## Task brief
Return the data below exactly, please, but drop the pictures.

## Provided material
++++++

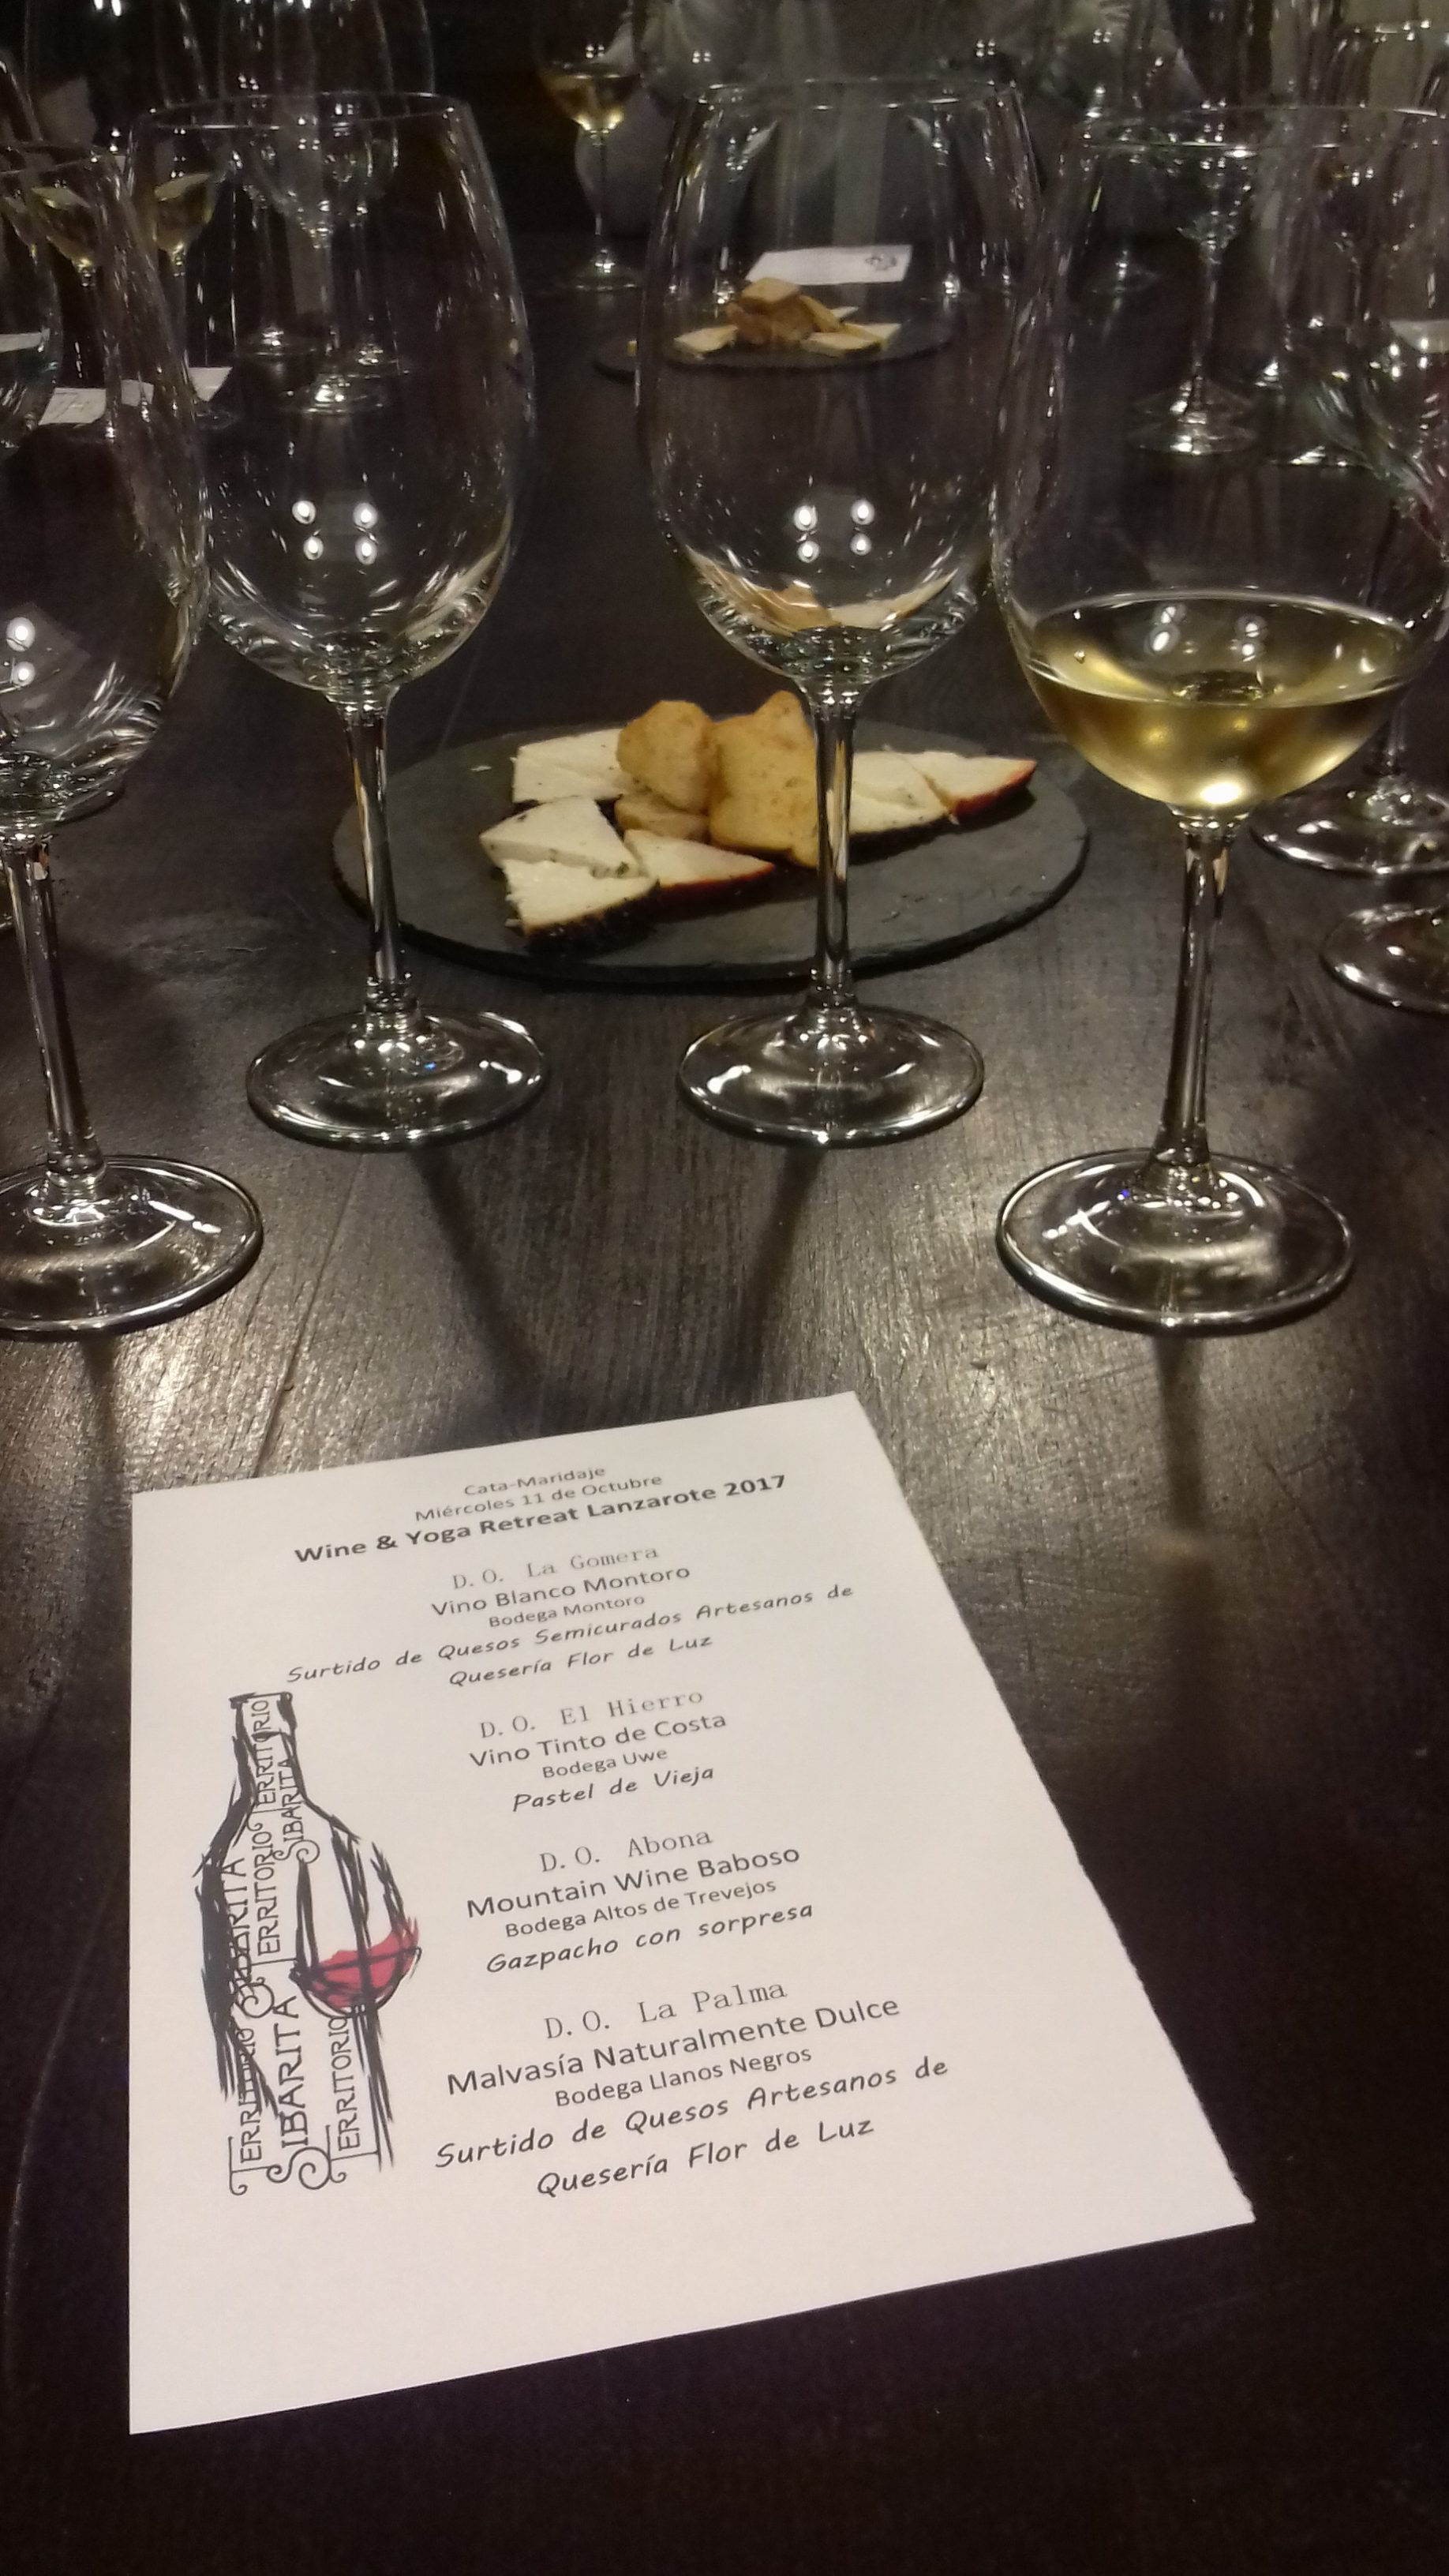 Yoga wine retreat 2017 marta molinera for Yoga and wine retreat
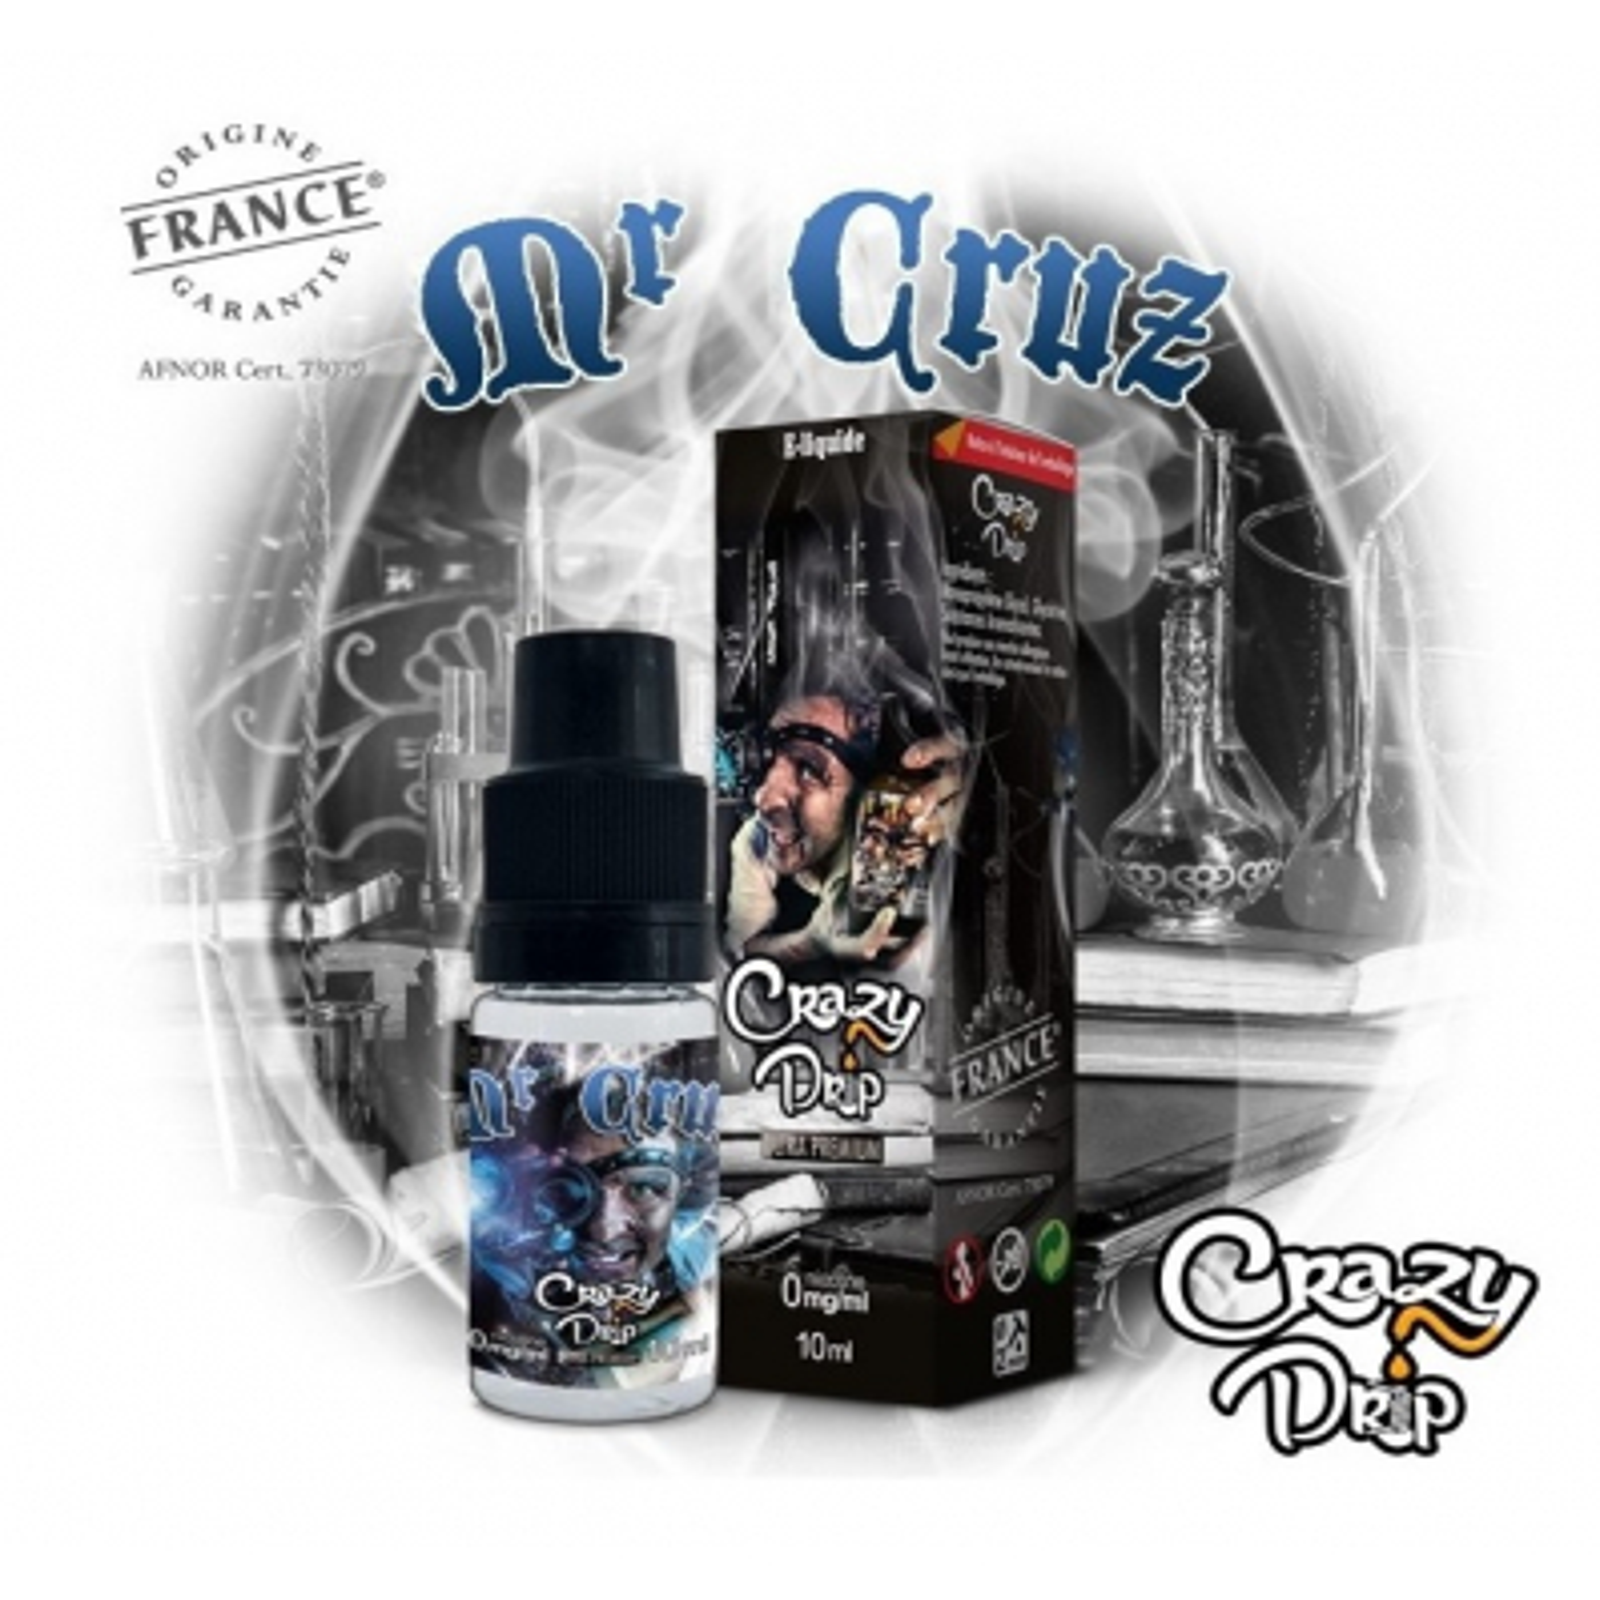 Mr Cruz - Crazy Drip
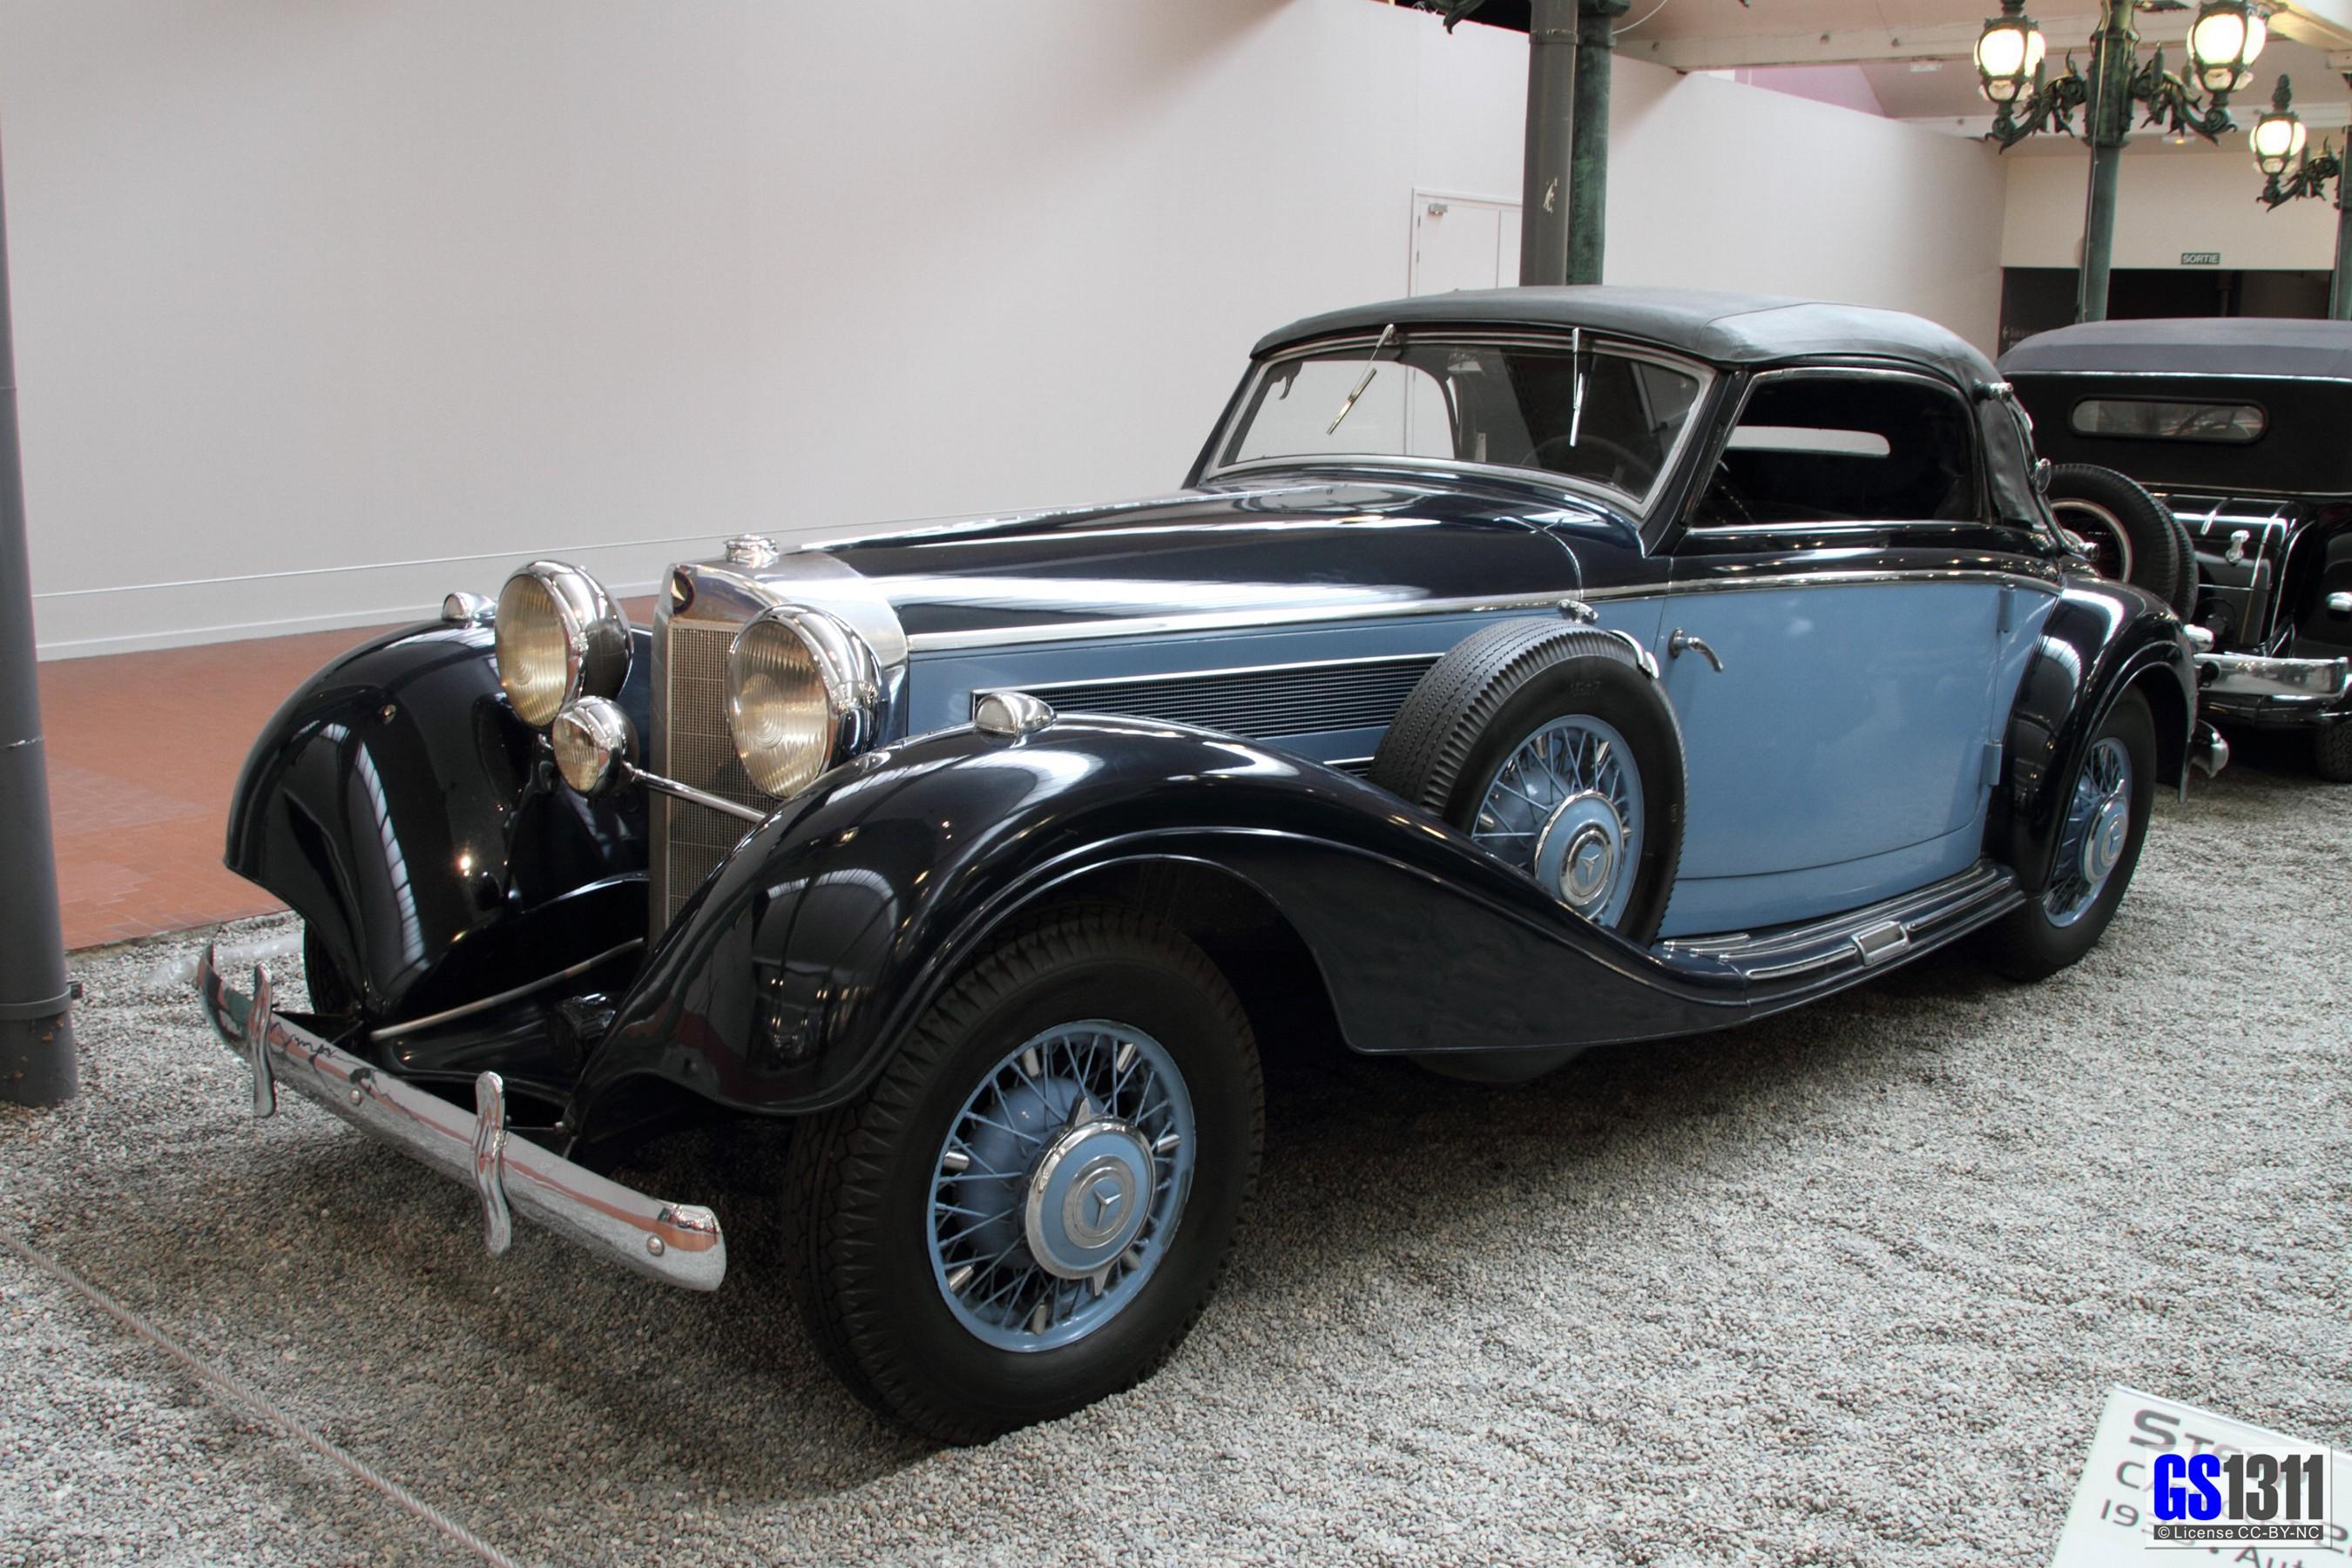 1936 1939 Mercedes Benz W 29 540 K Cabriolet Flickr

++++++

## Output for this task
 Yoga wine retreat 2017 marta molinera for Yoga and wine retreat
 Mr Cruz - Crazy Drip
 1936 1939 Mercedes Benz W 29 540 K Cabriolet Flickr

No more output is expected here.